Task prompt: Print all of the data below exactly as it appears, leaving out every image.

---------- Material provided

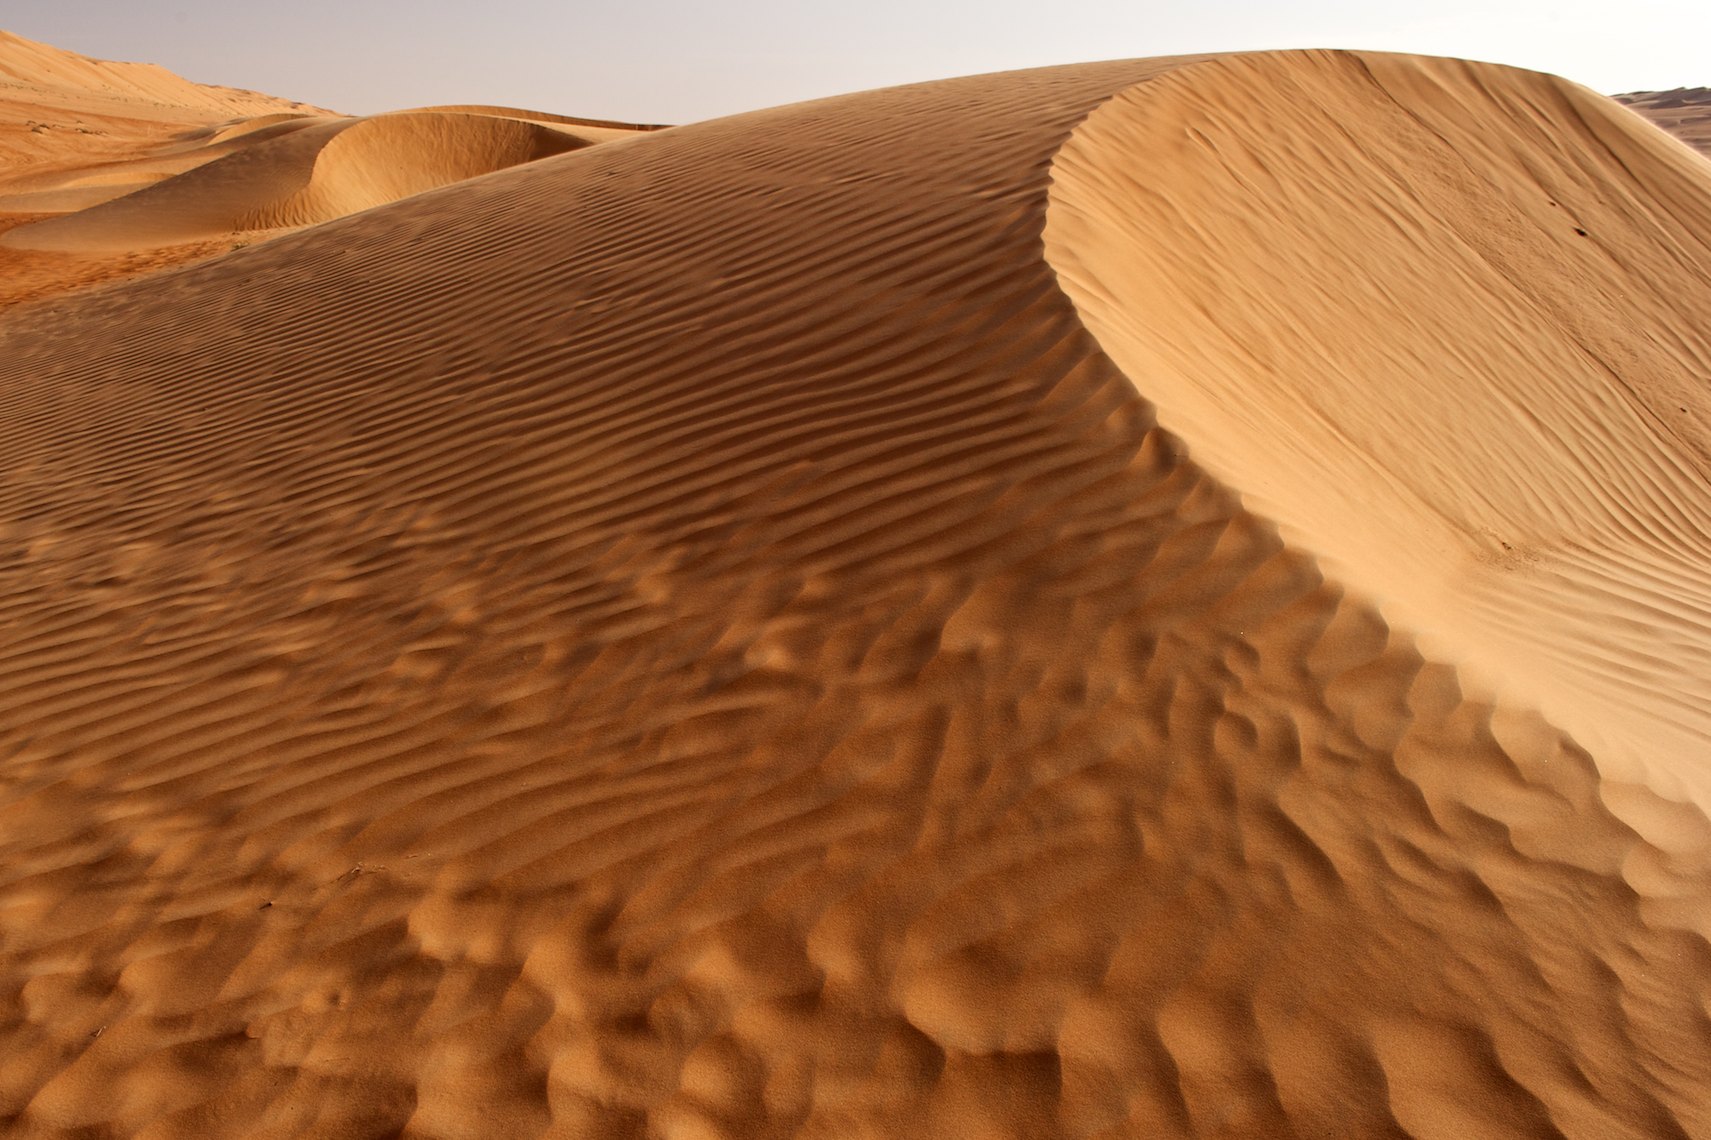 Oman Wahiba Sands dunes
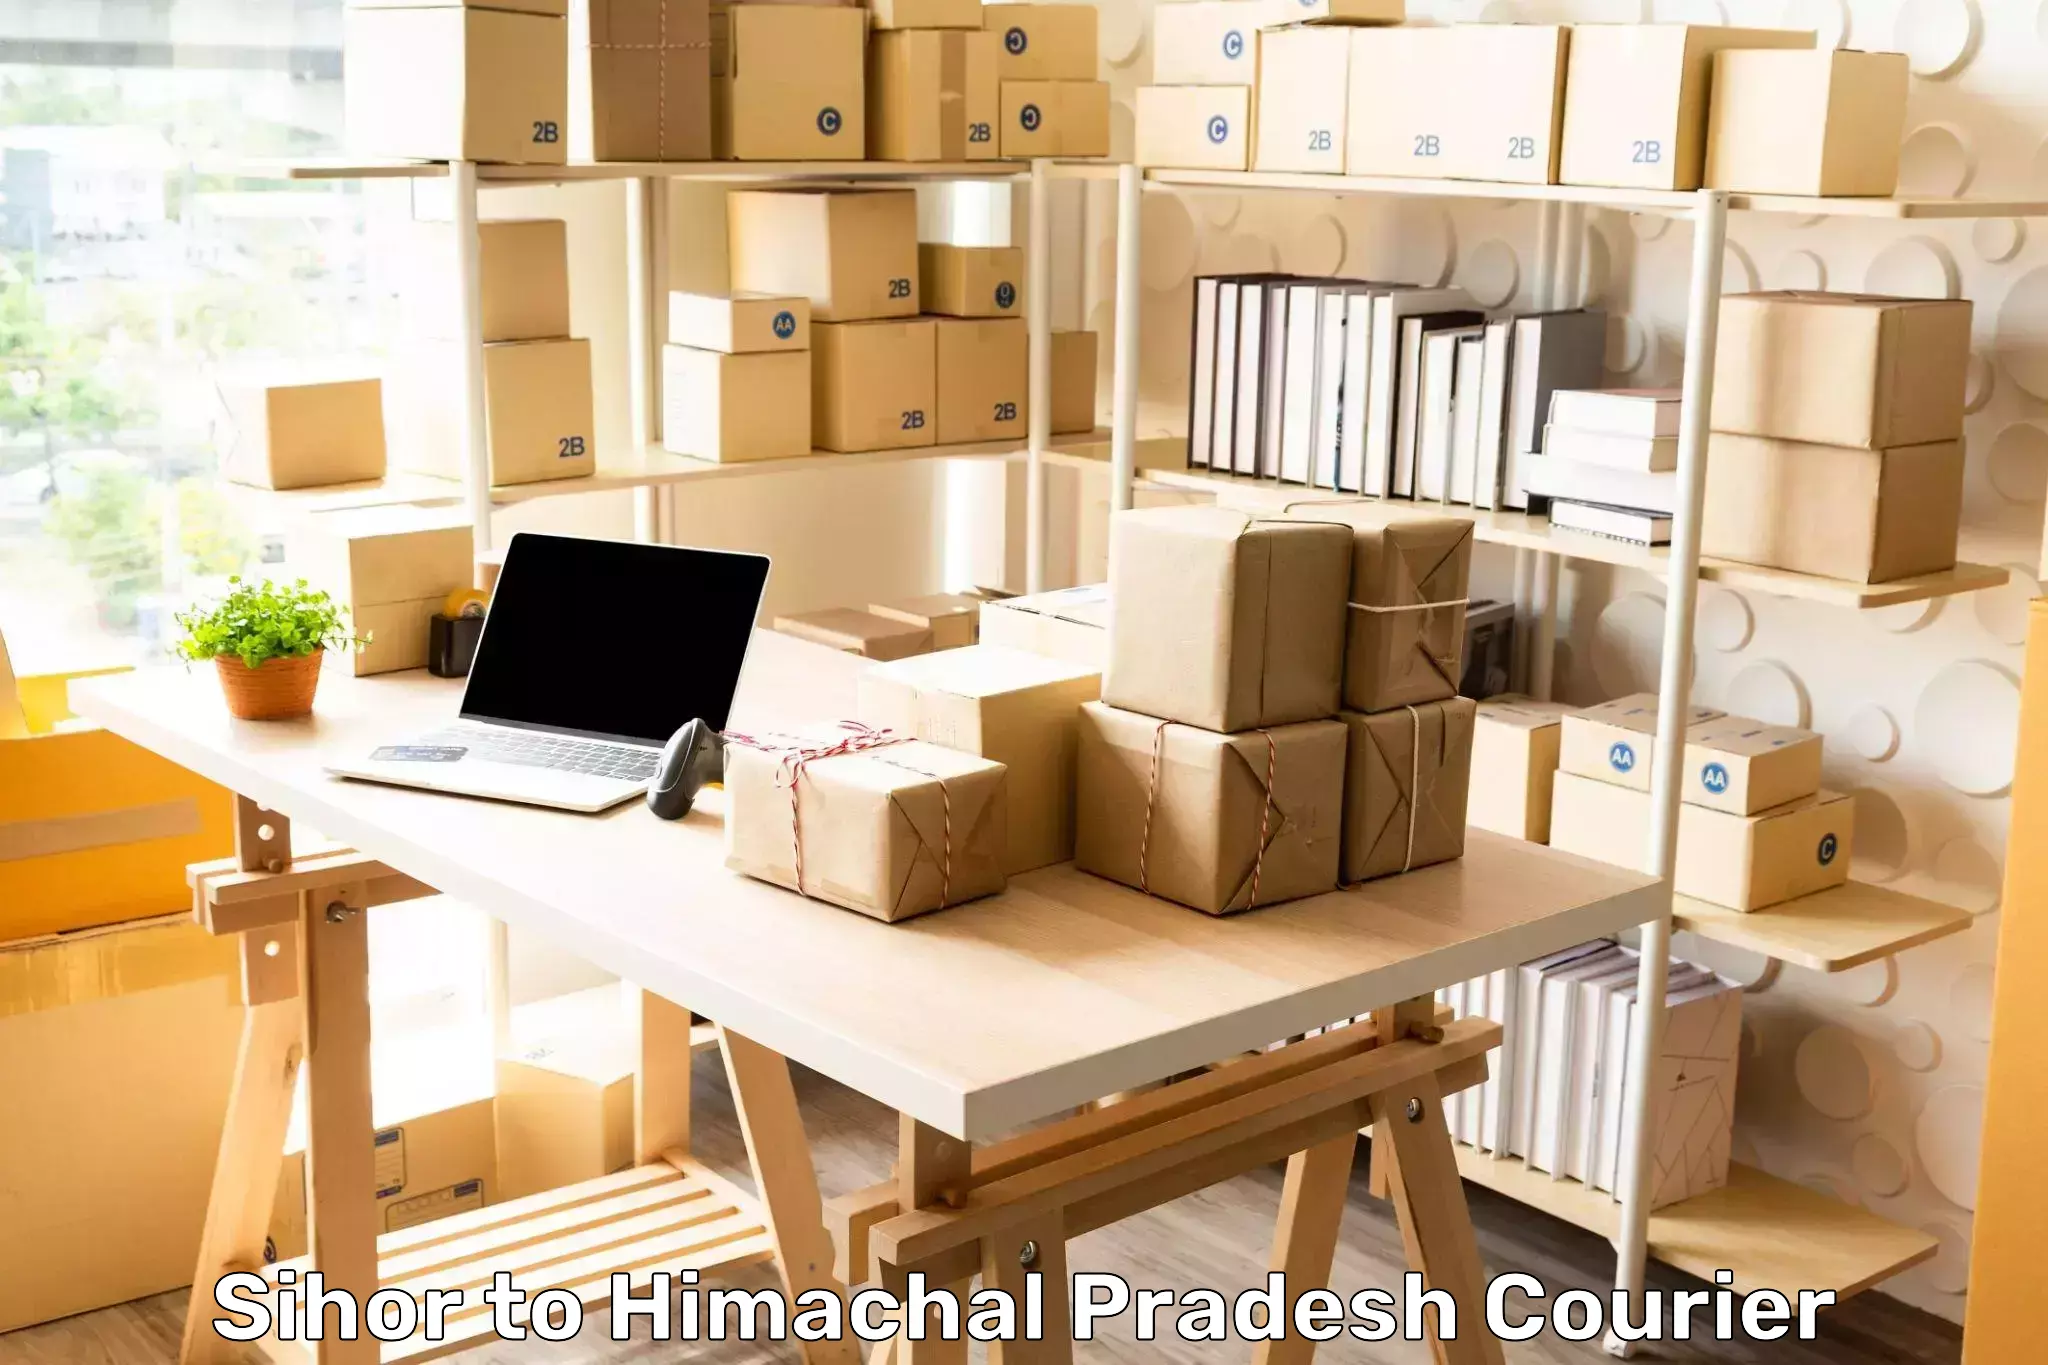 Retail shipping solutions Sihor to Himachal Pradesh
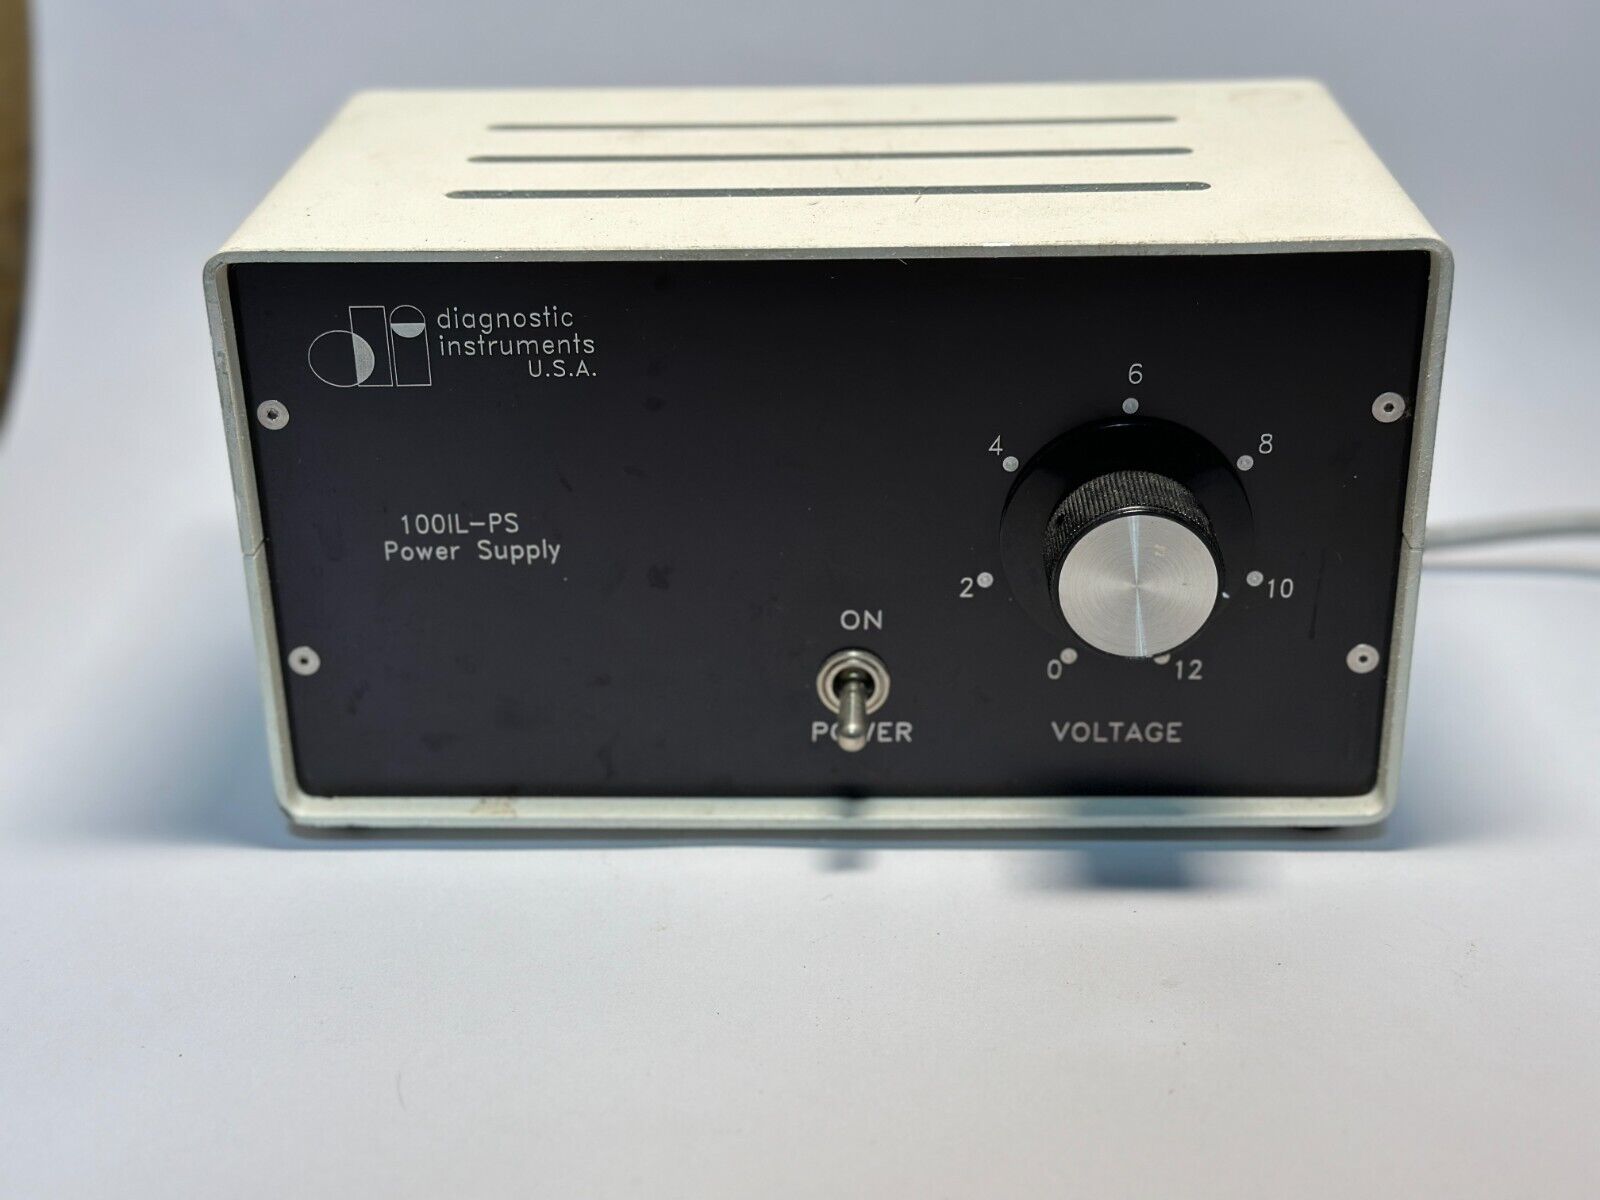 12 Volt Microscope Power Supply Diagnostic Instruments USA 100IL-PS

--------------------

Response box:
 Oman Wahiba Sands dunes
 Retail shipping solutions Sihor to Himachal Pradesh
 12 Volt Microscope Power Supply Diagnostic Instruments USA 100IL-PS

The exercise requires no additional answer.